Extracted information START
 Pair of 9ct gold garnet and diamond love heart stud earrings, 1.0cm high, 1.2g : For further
Extracted information END
Extracted information START
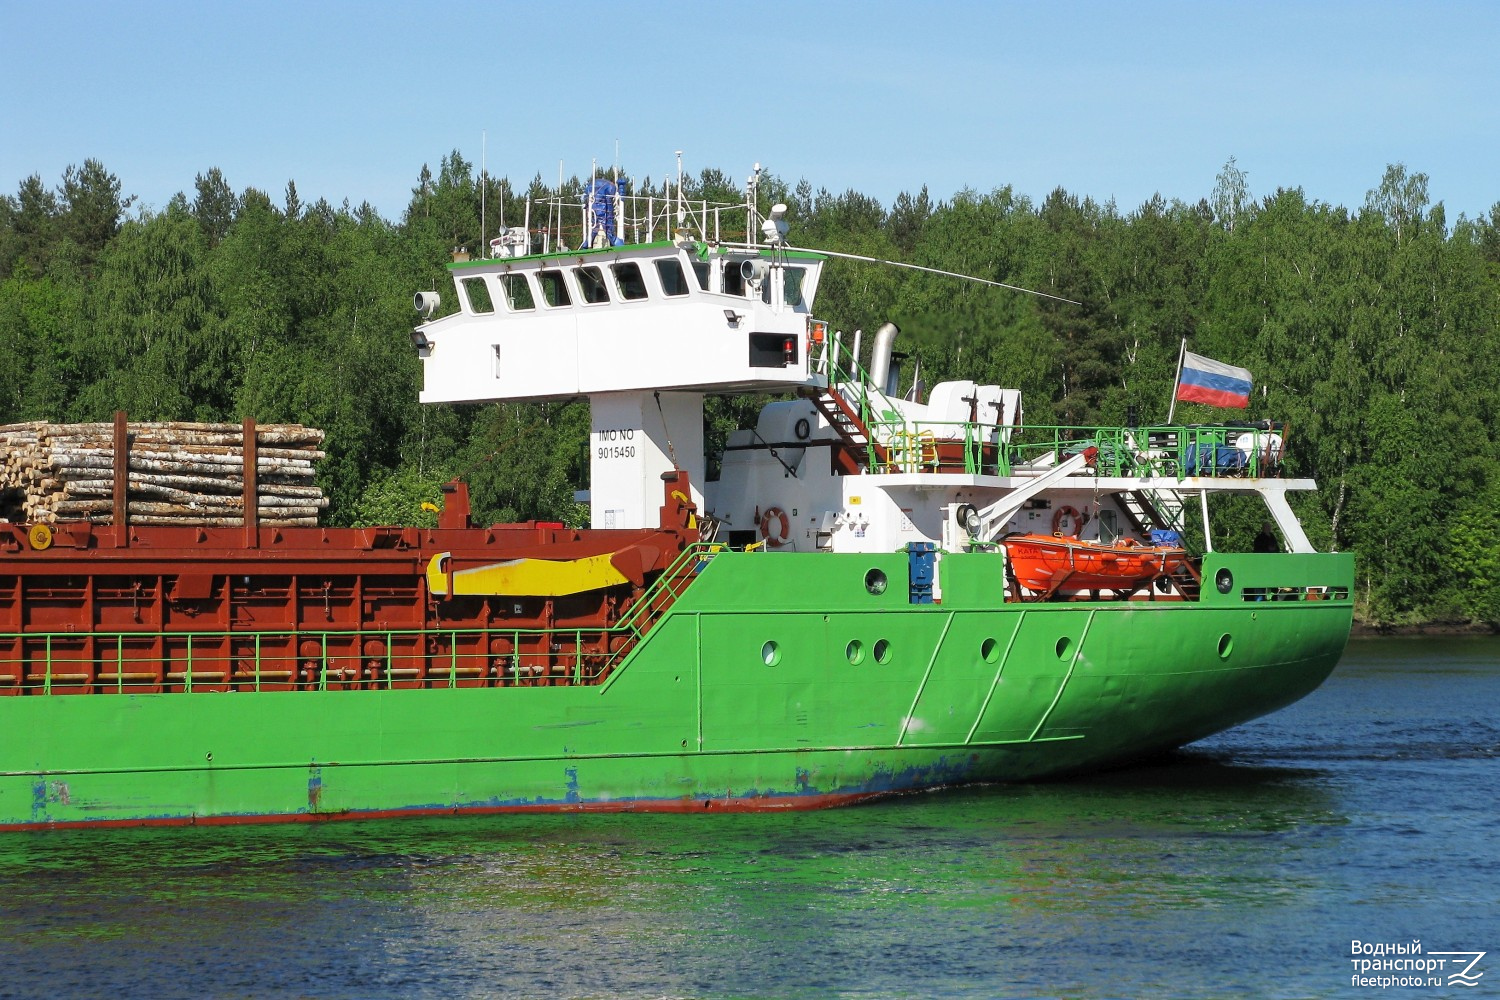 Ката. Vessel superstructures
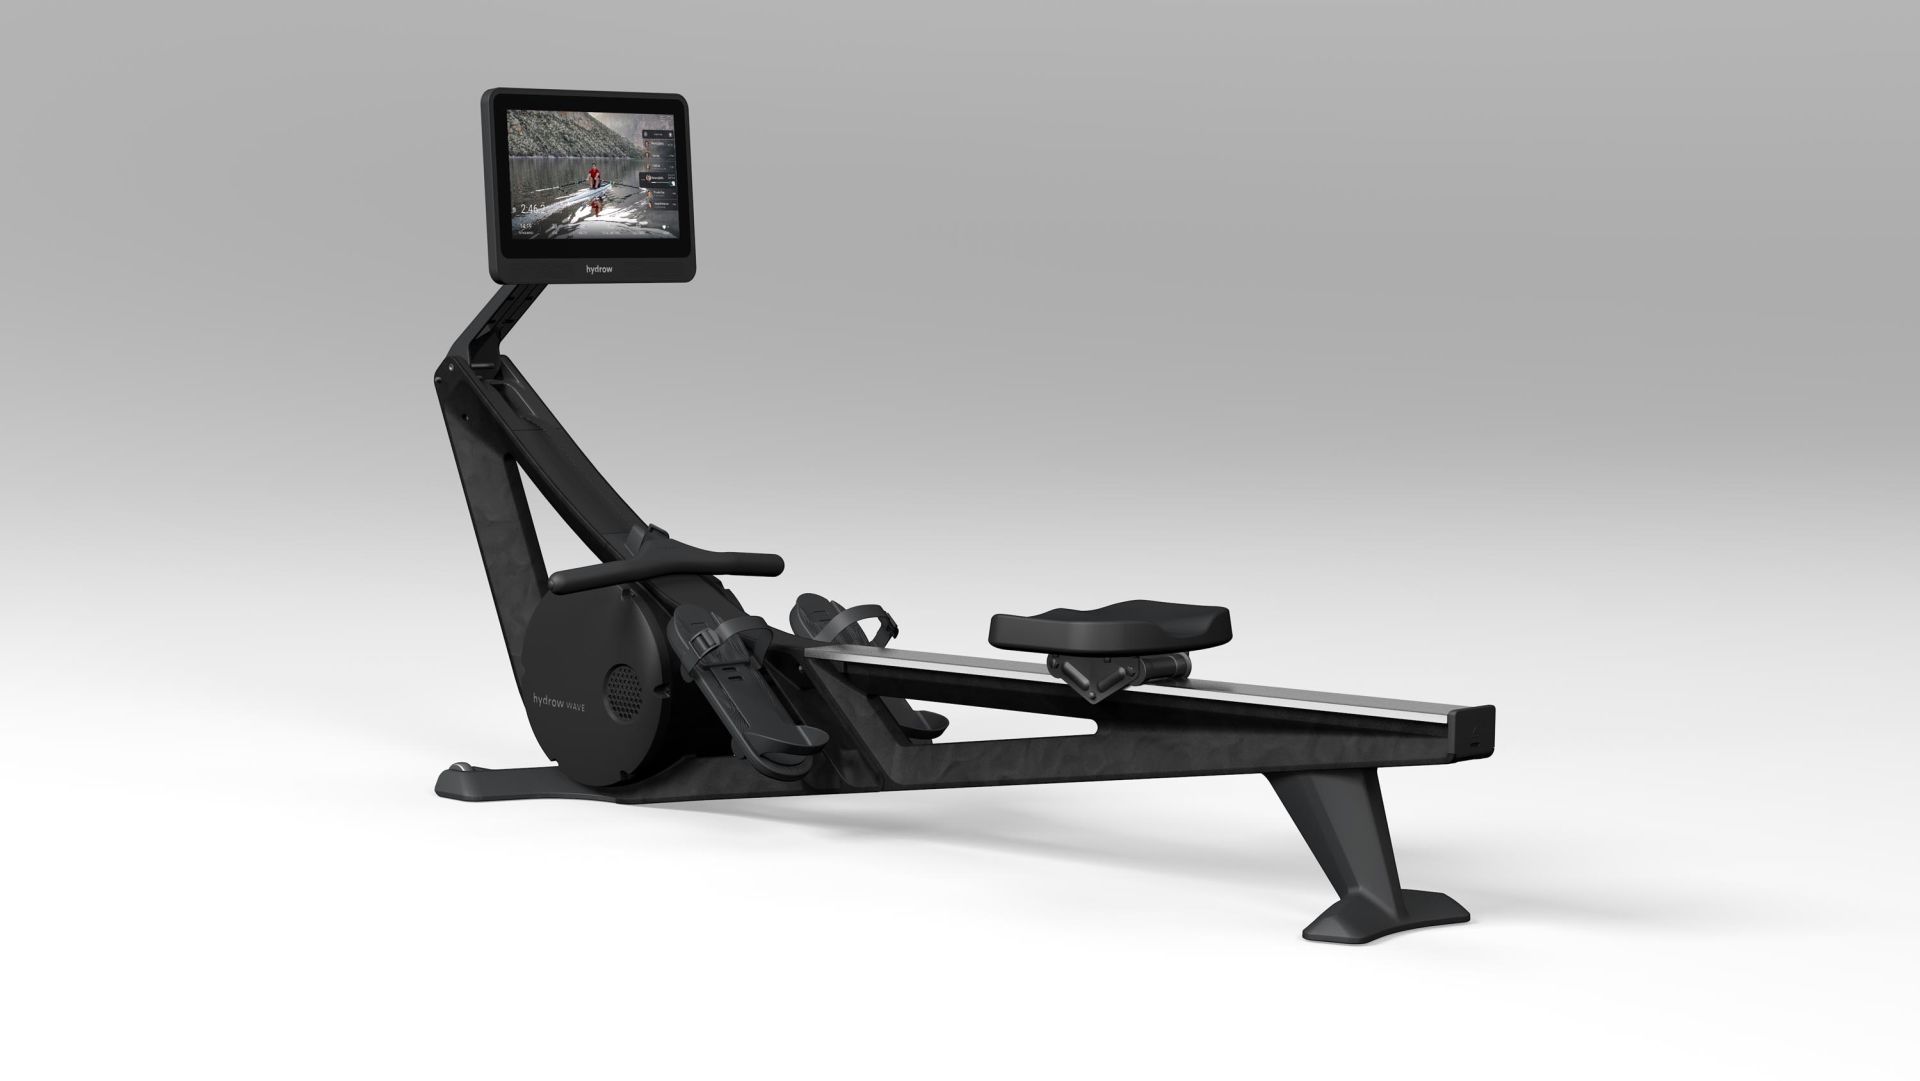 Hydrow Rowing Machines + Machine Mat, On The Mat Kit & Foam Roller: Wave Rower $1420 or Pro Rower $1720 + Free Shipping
Extracted information END
Extracted information START
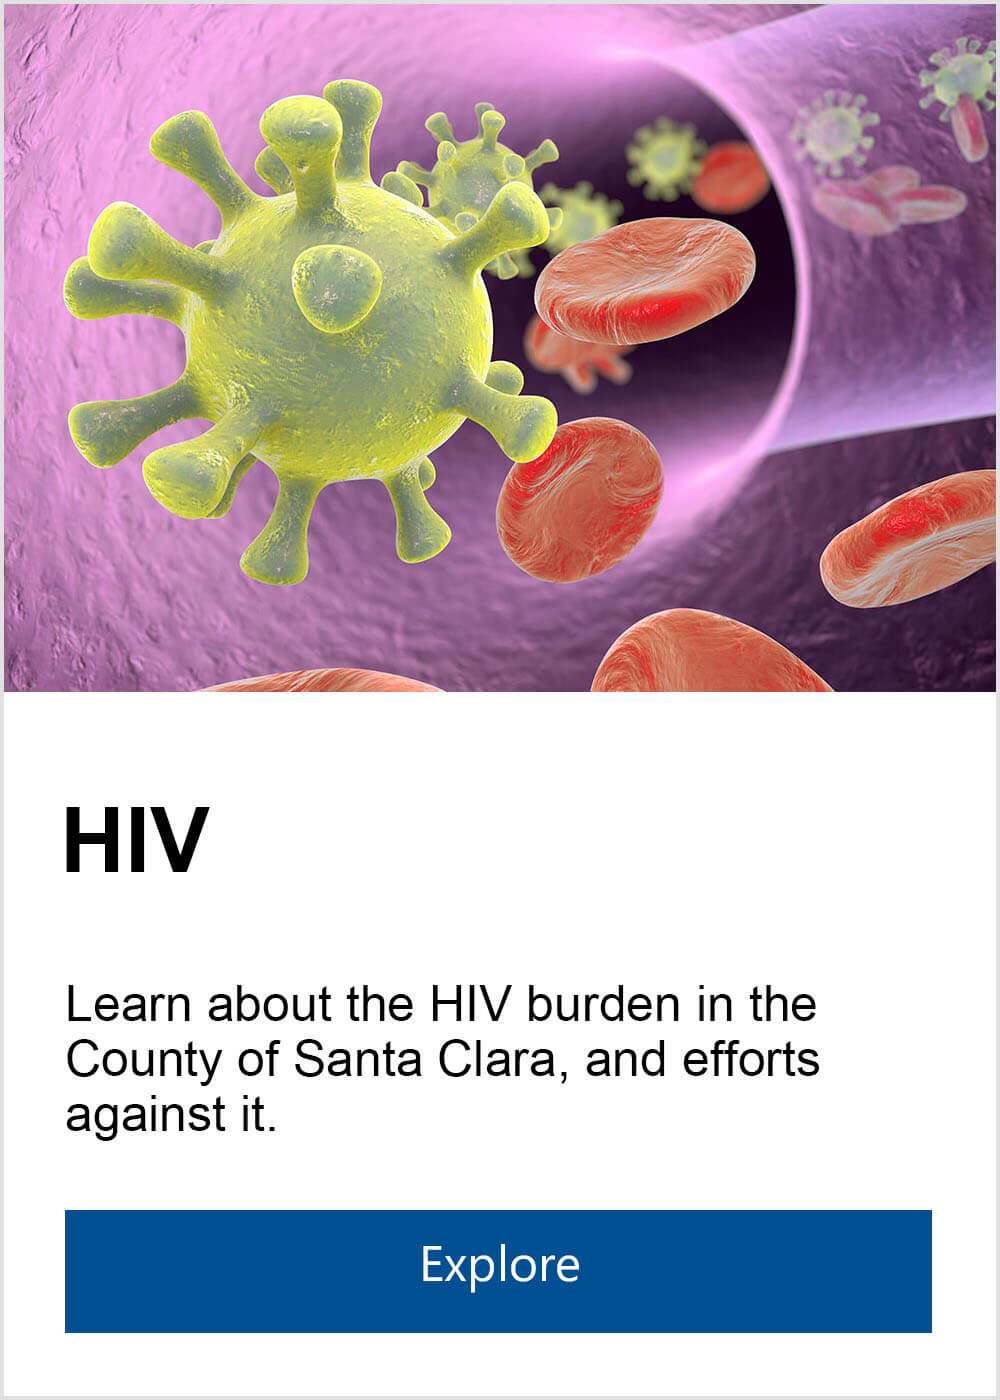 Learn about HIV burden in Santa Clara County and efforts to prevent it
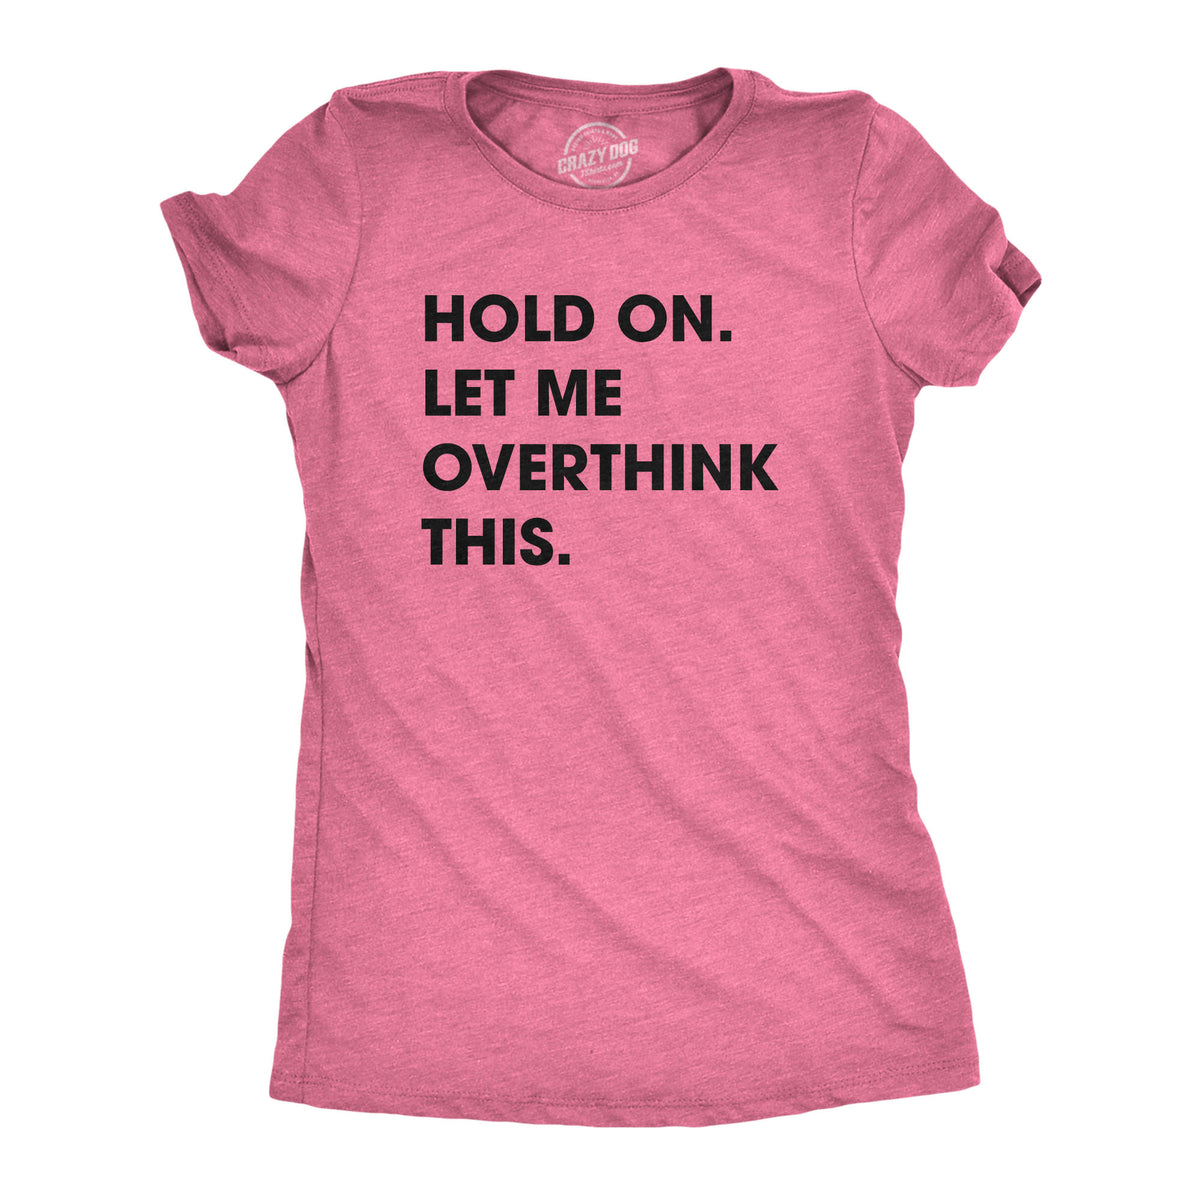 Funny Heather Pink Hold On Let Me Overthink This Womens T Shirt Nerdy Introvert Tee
Extracted information END
Work task:
From the records above, copy only the lines running from the line holding "Learn about HIV" through the line holding "Funny Heather Pink", with no pictures.

Answer to this problem:
 Learn about HIV burden in Santa Clara County and efforts to prevent it
 Funny Heather Pink Hold On Let Me Overthink This Womens T Shirt Nerdy Introvert Tee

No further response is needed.